Включение самообслуживания заключается в том, чтобы предоставлять нужные данные нужным людям и позволять им задавать свои вопросы и отвечать на них. Он устраняет петлю обратной связи между бизнес-пользователями, отправляющими запросы, и ИТ-разработчиками, создающими отчеты, что замедляет скорость получения аналитических сведений. В конечном итоге люди, которые лучше всего знакомы с тем, что представляют собой данные, могут лучше всего их проанализировать. Однако здесь есть проблемы. Первый - это навыки, необходимые для использования необработанных данных, часто требующие умения писать запросы SQL и глубокого знания таблиц и взаимосвязей базы данных. Это также может быть кошмаром для управления, часто когда данные, извлекаемые из базы данных, изменяются, совместно используются и снова изменяются. Легко забыть, какой отчет основан на каких данных. Одноразовые отчеты также могут быть созданы и отправлены по электронной почте и в конечном итоге потеряны при очистке почтового ящика в будущем. Создание среды, в которой тщательно подобранные данные можно легко обмениваться, анализировать с помощью интуитивно понятных инструментов, а затем сохранять в централизованном месте, имеет решающее значение для успешного самообслуживания. Метод, который я собираюсь обсудить сегодня, использует Tableau Server в сочетании с настраиваемым порталом для доставки решения.

Встраивание

Многие из функций, обсуждаемых в посте, можно использовать в Tableau изначально без какой-либо дополнительной работы. Однако размещение портала на верхнем уровне позволяет нам расширить наши варианты использования, добавить настраиваемые функции и добавить слой в дополнительный пользовательский интерфейс. Мы обсудим, как написать сценарий некоторых из наиболее повторяющихся задач, необходимых для настройки самообслуживания, и настроить внешний вид контента, чтобы сделать его еще более доступным. Многие из этих концепций по-прежнему имеют ценность, такие как создание и публикация тщательно отобранных наборов данных, управление контентом с помощью проектов, а также использование функций AskData и веб-редактирования. Я призываю всех начать работу с этими областями, даже если создание собственного портала в настоящее время не является вариантом.

Требования

Мы собираемся структурировать нашу среду самообслуживания следующим образом:

  • Будут опубликованы наборы данных, в данном случае экстракты таблиц, которые не являются базовыми источниками данных информационных панелей, но могут быть связаны (мы обсудим это позже)
  • У каждого пользователя будет свой проект песочницы, где он сможет сохранить свою работу.
  • Пользователи не смогут видеть содержимое чужой песочницы, но будут видеть содержимое общедоступных проектов.
  • Пользователи не могут сохранять работу в этих общедоступных проектах

Настройка пользователей и разрешений

Для контекста в этом примере используется портал, который имеет собственную версию локальной аутентификации и настроен с доверенной аутентификацией с Tableau Server. Пользователи существуют как на сервере, так и на портале, но создаются через портал.

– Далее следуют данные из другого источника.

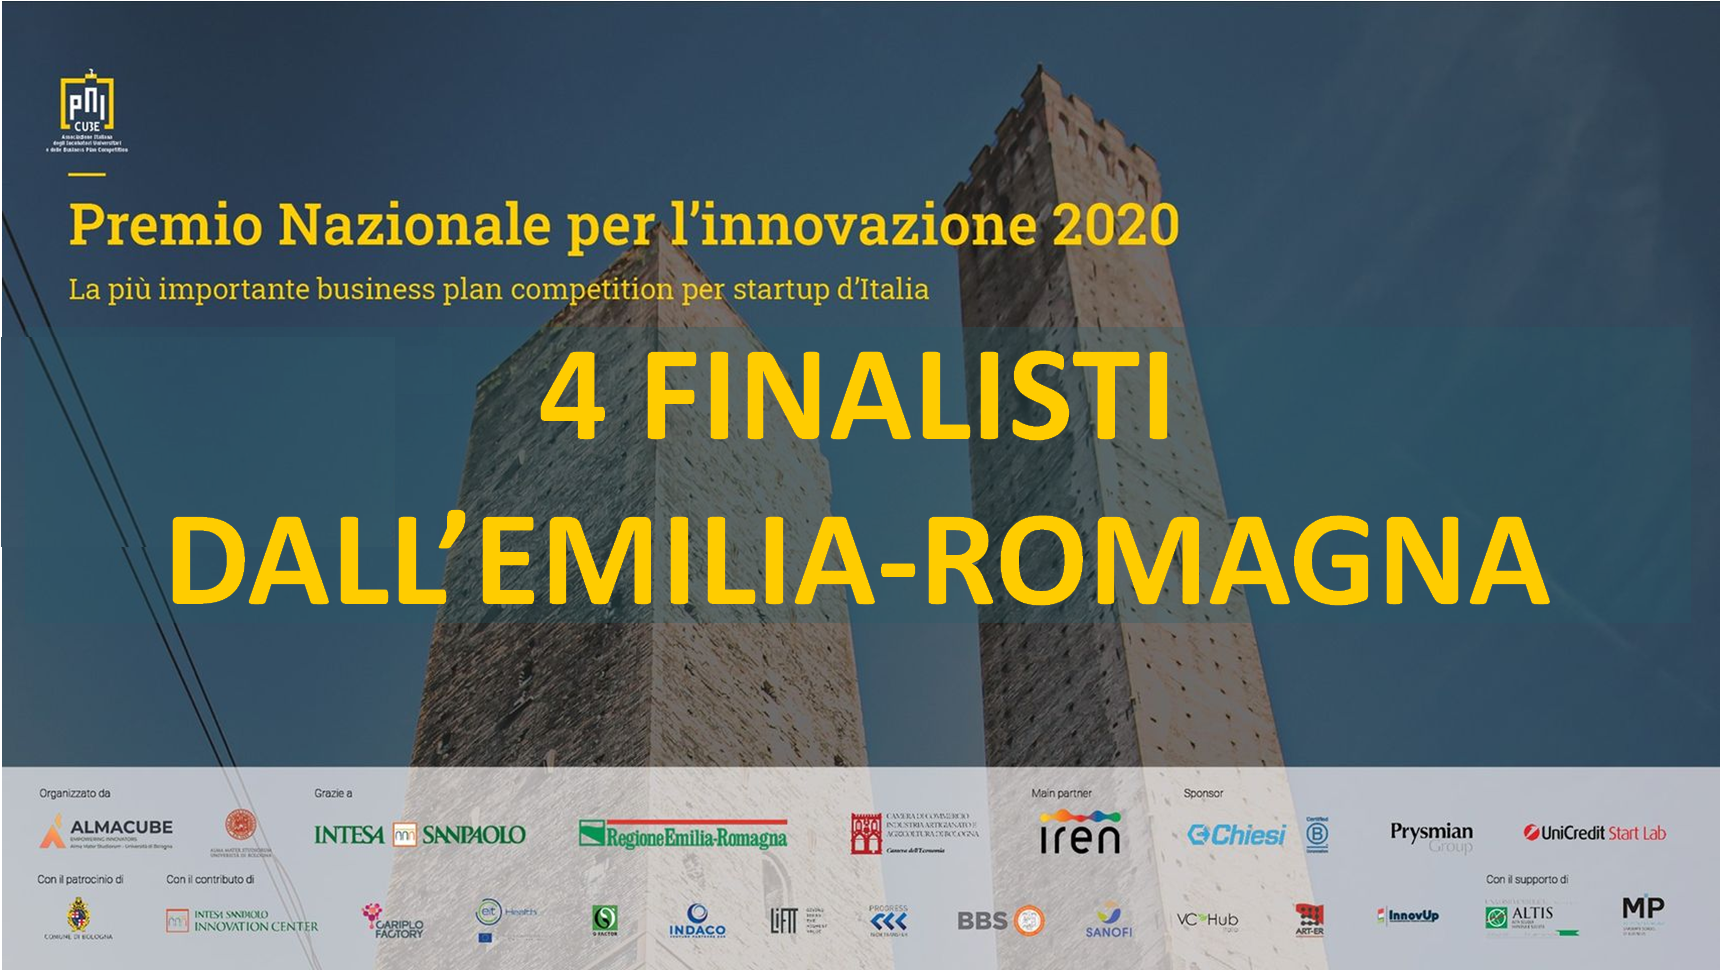 4 su 5 superfinalisti al PNI sono dell'Emilia-Romagna

Для достижения схемы, выделенной выше, нам нужно выполнять несколько шагов каждый раз, когда мы добавляем пользователя на наш портал, и все они будут автоматизированы с использованием Tableau REST API. Я не буду подробно останавливаться на собственном коде, написанном для этого, поскольку Tableau имеет обширную страницу ресурсов для API, включая примеры (Документация REST API), но я расскажу на высоком уровне о различных используемых вызовах.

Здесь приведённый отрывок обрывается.